Chaque année pendant l’été, les mêmes scènes se répètent un peu partout en France : le déversement de bennes entières de fruits et légumes devant des préfectures, des centrales d’achat, des supermarchés, parfois des ambassades, comme ce fut le cas mardi 11 juillet devant le consulat d’Espagne à Perpignan, où les arboriculteurs en colère ont purement et simplement détruit deux tonnes de pêches. L’été ne fait que commencer et il est à parier que cette pratique va se renouveler dans les prochaines semaines, dans d’autres endroits et sur d’autres produits bruts.
Comme à l’accoutumée, les agriculteurs pestent contre les « pratiques déloyales » qu’ils demandent aux « services de contrôle » de « sanctionner », indique un communiqué commun de la FNSEA (Fédération nationale des syndicats d’exploitants agricoles), de la FNPF (Fédération nationale de la pêche en France) et de JA (Jeunes agriculteurs).

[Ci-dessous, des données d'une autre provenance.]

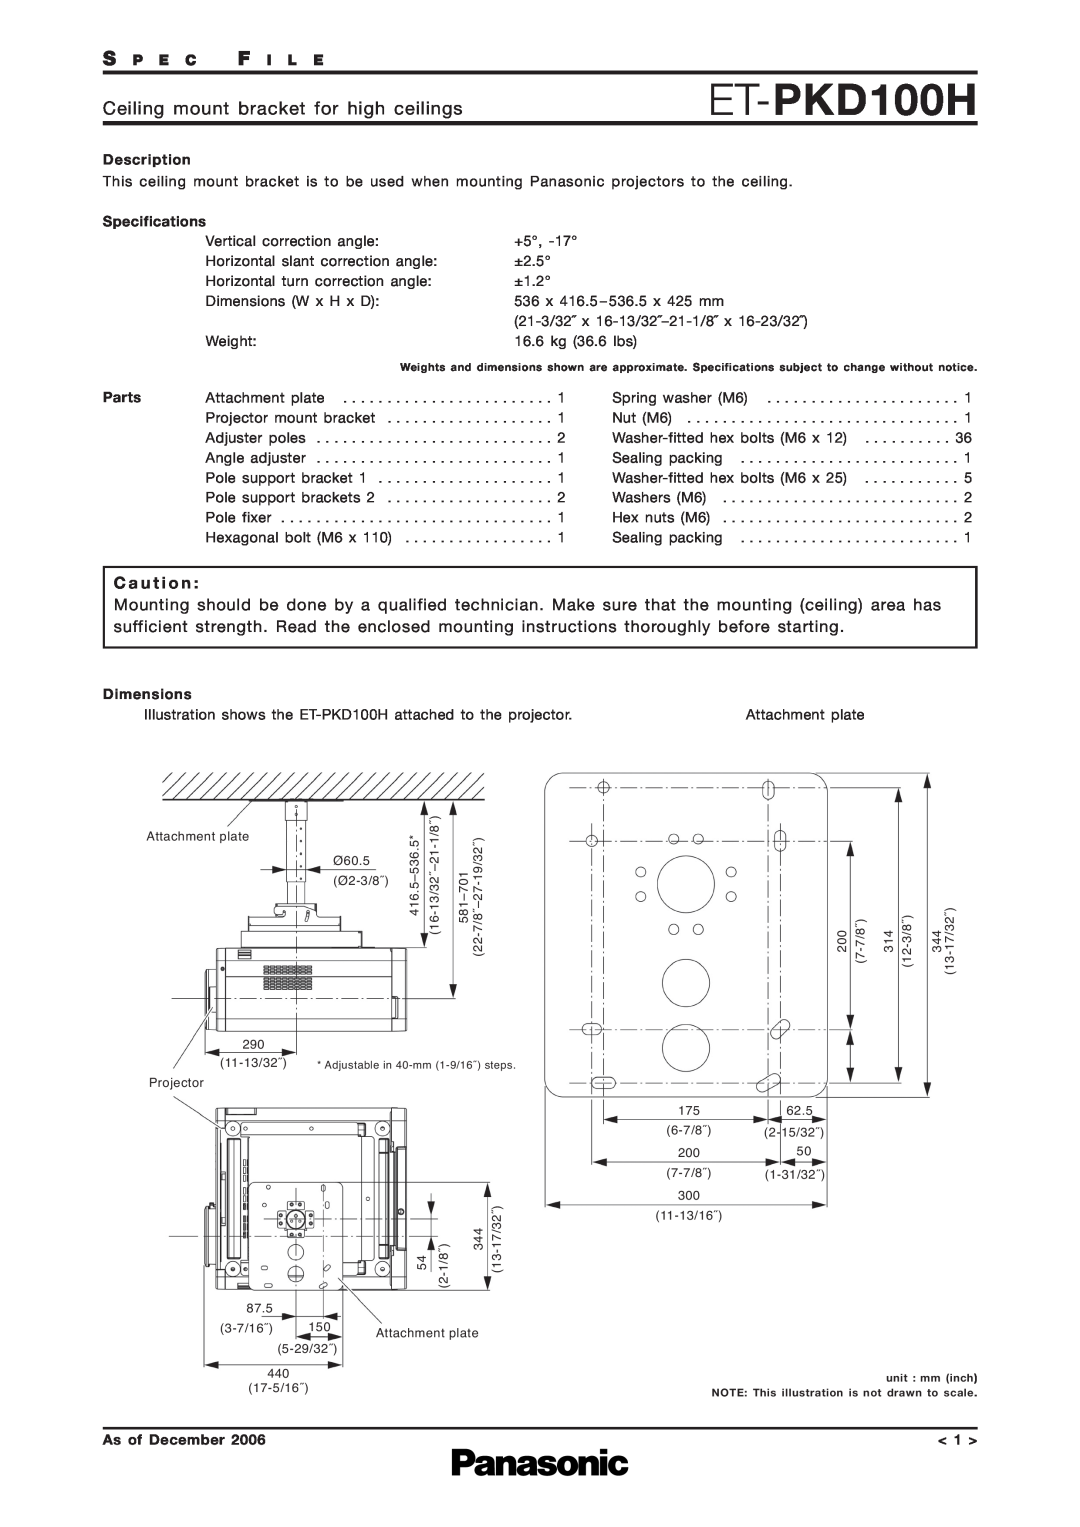 Panasonic ET-PKD100H specifications Ceiling mount bracket for high ceilings, C a u t i o n, S P E C F I L E, Description

Il faut traduire « pratiques déloyales », notamment, par « dumping social », et « services de contrôle » par les directions départementales des territoires (DDT) et celles de la cohésion sociale et de la protection des populations (DDCSPP).
Voilà des décennies que les agriculteurs, en particulier ceux qui emploient de la main-d’œuvre, se plaignent des écarts de salaires et de charges sociales entre, d’un côté, la France et, de l’autre, les pays européens (ou non) qui n’ont pas le même niveau de vie et les mêmes exigences que le nôtre. Les distorsions de concurrence sociale et salariale existent. Mais ni les gouvernements successifs en France, ni l’Union européenne (Parlement, Conseil et Commission) n’ont pris ce problème à bras-le-corps. Par exemple, le SMIC est deux fois moins important en Espagne qu’en France. Dans ce même pays, il y a beaucoup de travailleurs marocains payés au prix du Maroc. De plus, tous les pays ne respectent pas les normes sanitaires qu’impose (normalement) l’Union européenne.
Et comme un malheur n’arrive jamais seul, les générations les plus jeunes consomment quatre fois moins de fruits et de légumes que leurs grands-parents, assure une étude du CREDOC publiée le 11 juillet. Questions : comment les agriculteurs français vont-ils s’en sortir ? Que fait le gouvernement ? Que fait l’Europe ? Réponse : rien comme d’habitude.